Elisabeth Dieudonné Vincent

Born: 1798, Haiti
Died: 29 November 1883
Country most active: United States
Also known as:

Elisabeth Dieudonné Vincent was a Haitian-born businesswoman and international traveller, born the illegitimate child of a former slave and a Frenchman.
Elisabeth’s mother Rosalie was taken from Africa and arrived in Saint-Domingue just prior to the Haitian Revolution. In December 1795, merchant Marthe Guillaume manumitted Rosalie, but the British colonial governor refused to ratify the official paperwork during the British occupation of Haiti during the French Revolutionary Wars. As Rosalie was technically free, but had no official documents to prove it, her status remained ambiguous until the British withdrew in 1798. The following year, she was listed in the baptismal records as “Marie Françoise, called Rosalie, free black woman” and christened her daughter as a free-born child. By 1802, the French had reinstated slavery in Martinique and there was concern that it would be reasserted over blacks in Saint-Domingue. To prevent that from happening to his family, Vincent’s father Michel drafted a document in 1803 declaring that Rosalie and her four children, including Elisabeth, were all his slaves and were proclaimed free. Within months, French troops besieged the town of Jérémie and the family fled to nearby Santiago de Cuba with 18,000 other refugees. Elisabeth’s siblings disappear from the records and it is unclear whether they were captured, went into hiding in Saint-Domingue or were able to slip into Cuba, avoiding the record keepers.
In 1804, Vincent’s father died, and the family’s property was sold to pay debts. Though Elisabeth and Rosalie were legally freed, with ever-changing colonial powers, it was a tenuous position for mother and daughter. In 1809, when the Spanish expelled French colonists because of the Peninsular War in Europe, Vincent moved to New Orleans in the South, decades before the US Civil War. Her mother returned to the now independent Haiti.
Vincent travelled to New Orleans with her godmother, Marie Blanche Peillon and her consort Jean Lambert Détry, a Belgian carpenter. Détry worked as a contractor, while Peillon traded in land and slaves. When Détry died in 1821, he left Vincent $500, but her godmother later refused to give Vincent the inheritance, claiming it as the cost of room and board for Vincent and her husband.
Vincent married Jacques Tinchant, a builder and carpenter, in 1822. The marriage contract was prepared without a surname for Vincent and listed her name as Marie Dieudonné, her mother’s first name and her own middle name. In 1835 she amended her original marriage record to add a surname, removing the double stigma of illegitimacy and slave ancestry. In addition ot Tinchant’s business, which Vincent helped manage, the couple made money renting out Vincent’s slaves, Gertrude and her daughter Marie Louise, who her godmother had given to her as a wedding present. They freed Gertrude in 1833, replacing her with another slave, a man named Giles (also known as Clark).

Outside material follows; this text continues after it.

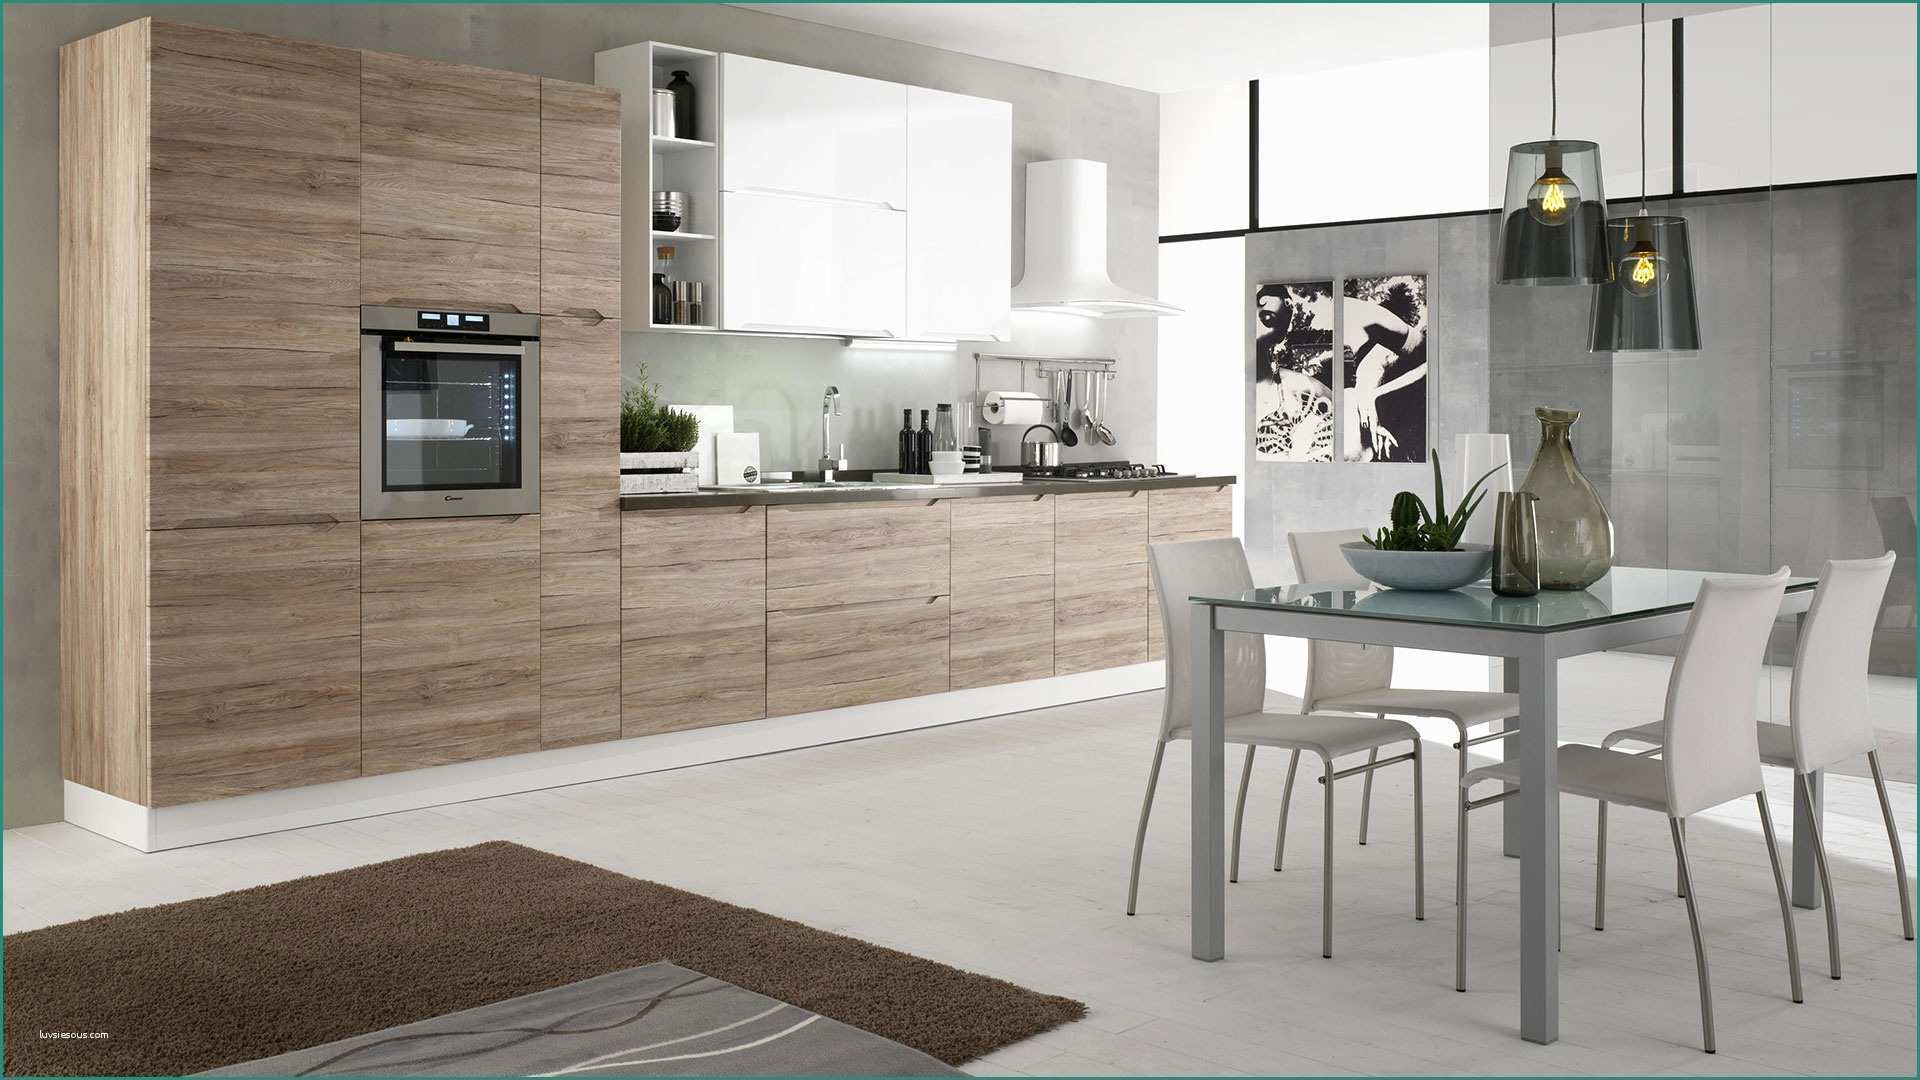 Cucine Economiche Moderne E Immagini Di Cucine Moderne Excellent soggiorno Open Space soggiorno

Their first child, François, was born in 1824, followed by Joseph (1827), Pierre (1833), Jules (1836), Ernest (1839) and Edouard (1841). By 1835, Tinchant and his half-brother formed a company developing land and building houses for sale. In the following years, legislation in Louisiana imposed ever harsher restrictions on free people of color, such as limits on schooling and requirements for annual registrations to prove their free status. Like many of Tinchant’s relatives, the couple left the United States for France in 1840, after arranging to sell Marie Louise to Gertrude for $800.
In France, they operated a dairy and vineyards in Gan, near where Tinchant’s brother and parents had already established themselves. With no experience in farming, the couple used sharecroppers to work their dairy, grain fields, and vineyards. In 1848, growing opposition to France’s constitutional monarchy led to unrest in nearby Pau, where Vincent’s sons were in school. The family began making plans to leave. They sold their farm for less than they had paid for it and loaned the proceeds to the couple’s eldest two sons, Louis and Joseph, who began a business as cigar makers in New Orleans. Looking for a European trading partner, the brothers chose to settle in Belgium, which had no state monopoly on tobacco production. In 1857, the family relocated to Antwerp, where Vincent and her husband invested in their sons’ new tobacco business and lived out the remaining decades of their lives.
Vincent’s history illustrates the fluidity of identity and the migration of people from the 1802 Saint-Domingue revolution to the French Revolution of 1848. It shows the vital importance of literacy and the documentation required for black and free colored people to maintain their civil and social rights and freedom.